Verify the initial case n= 0.

(b)

State the induction hypothesis.

(c)

Perform the induction

Answer 1

We need to prove that n³ +5n is divisible by 6 when n≥0.

(a) Initial case : n=0

When n=0,

n³ + 5n = (0)³ +(5*0) =0

0 is divisible by 6. Hence initial case is satisfied

(b) Inductive step: Assume that k³ + 5k is divisible by 6 for some k N.........(1)

(c) We need to prove (k+1)³ + 5(k+1) is divisible by 6

(k+1)³ +5(k+1)= k³ +3k² +3k+1 +5k +5 =k³ + 3k² +8k +6

Rearranging the terms,

(k+1)³ +5(k+1)=k³ +5k +3k+3k² +6

From (1), we can state that k³ +5k=6m for some integer m.

Hence,

(k+1)³ +5(k+1)=6m +3k+3k² +6

(k+1)³ +5(k+1)= 6(m+1)+ 3k+3k² ..........(2)
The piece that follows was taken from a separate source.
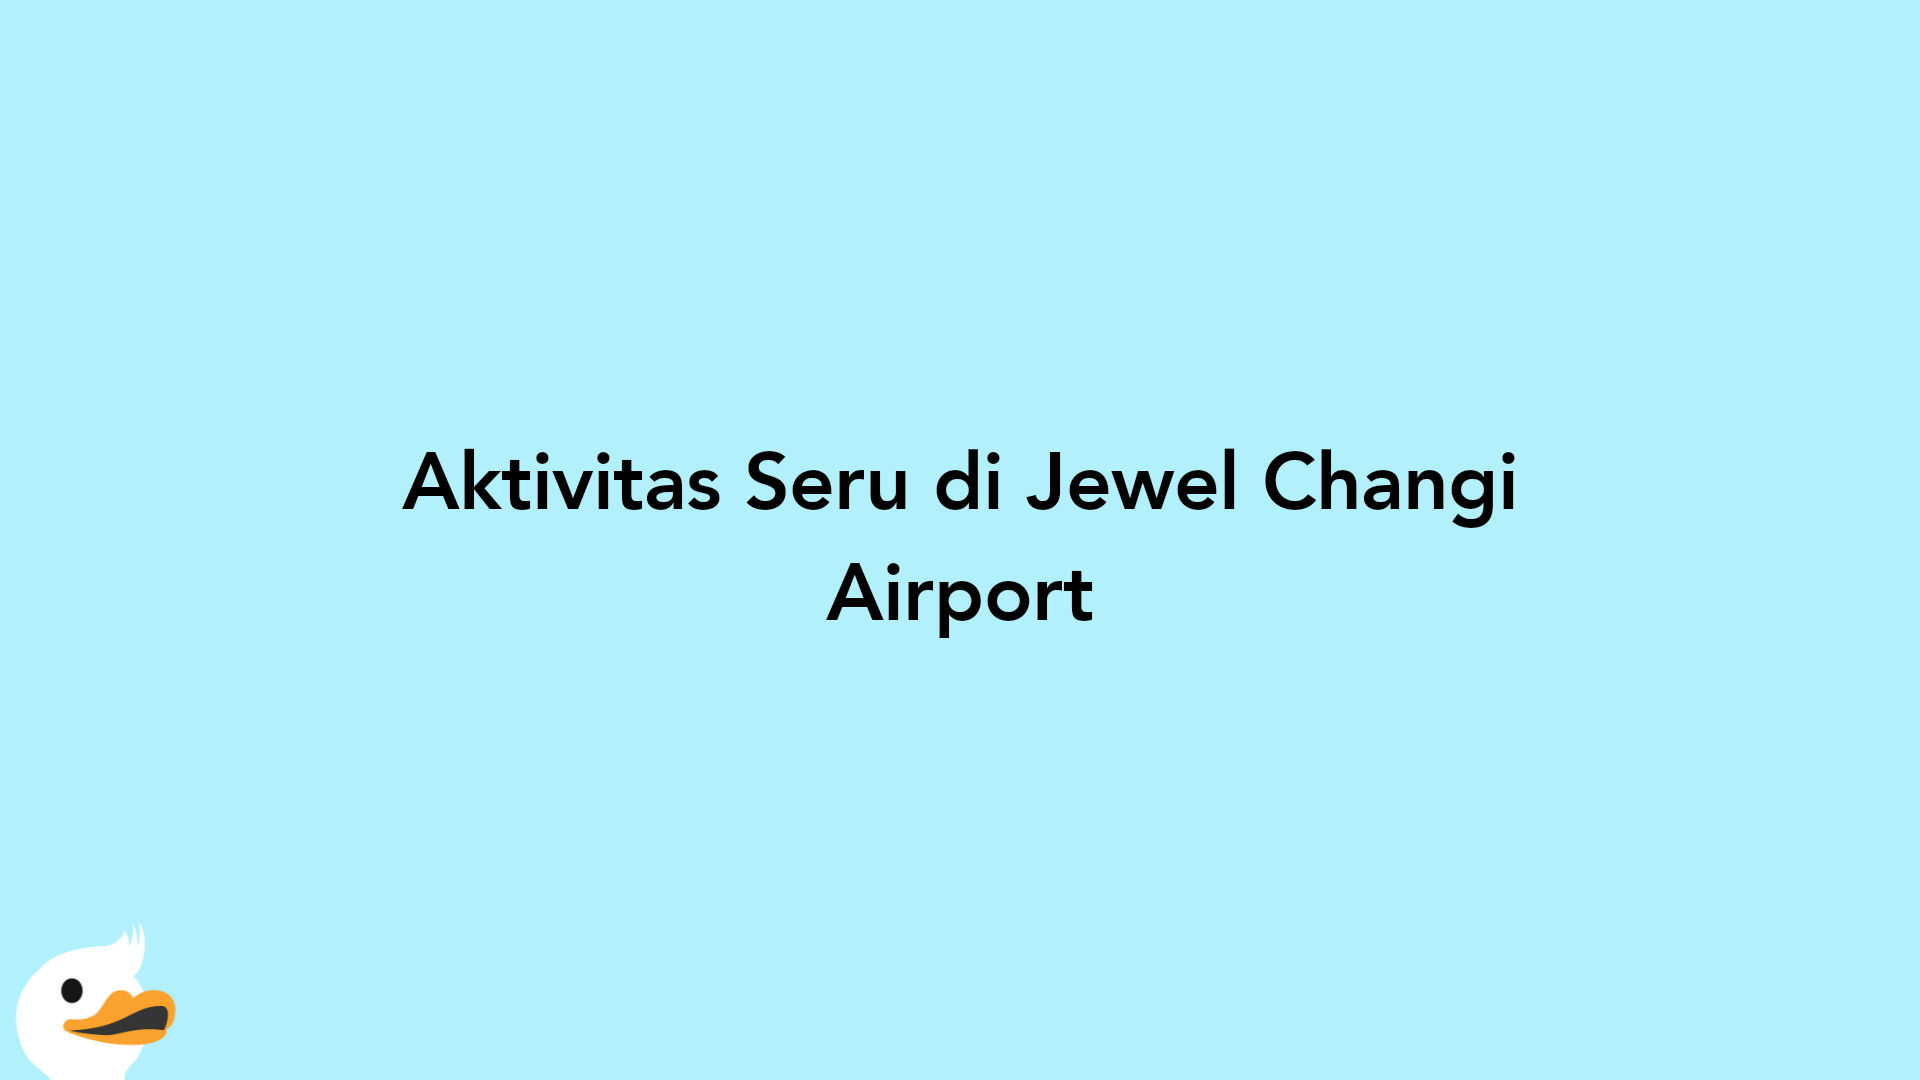 Aktivitas Seru di Jewel Changi Airport

Let k be an even number. Hence k=2i for some integer i

(2) becomes,

(k+1)³ +5(k+1)=6(m+1)+ 3k+3k² =  6(m+1)+ 3*2i +3*(2i)²

(k+1)³ +5(k+1)=  6(m+1)+6i+ 12i²   

  (k+1)³ +5(k+1)= 6(m+1+i+2i²), which is divisible by 6

Let k be an even number. Hence k=2i+1 for some integer i

  (2) becomes,

(k+1)³ +5(k+1)=6(m+1)+ 3k+3k² = 6(m+1) +3(2i+1)+3(2i+1)²

  (k+1)³ +5(k+1)=6(m+1)+6i+3+3(4i²+4i+1)

  (k+1)³ +5(k+1)=6(m+1)+6i+3+12i² +12i +3

(k+1)³ +5(k+1)=6(m+1)+6(2i² +3i+1)

(k+1)³ +5(k+1)=6(2i² + 3i + 2 + m ), which is divisible by 6

Hence, by induction we prove that   n³ +5n is divisible by 6 when n≥0.  

The fact that the product n(n+1) of consecutive integers n and n+1 is always even is not used in this proof.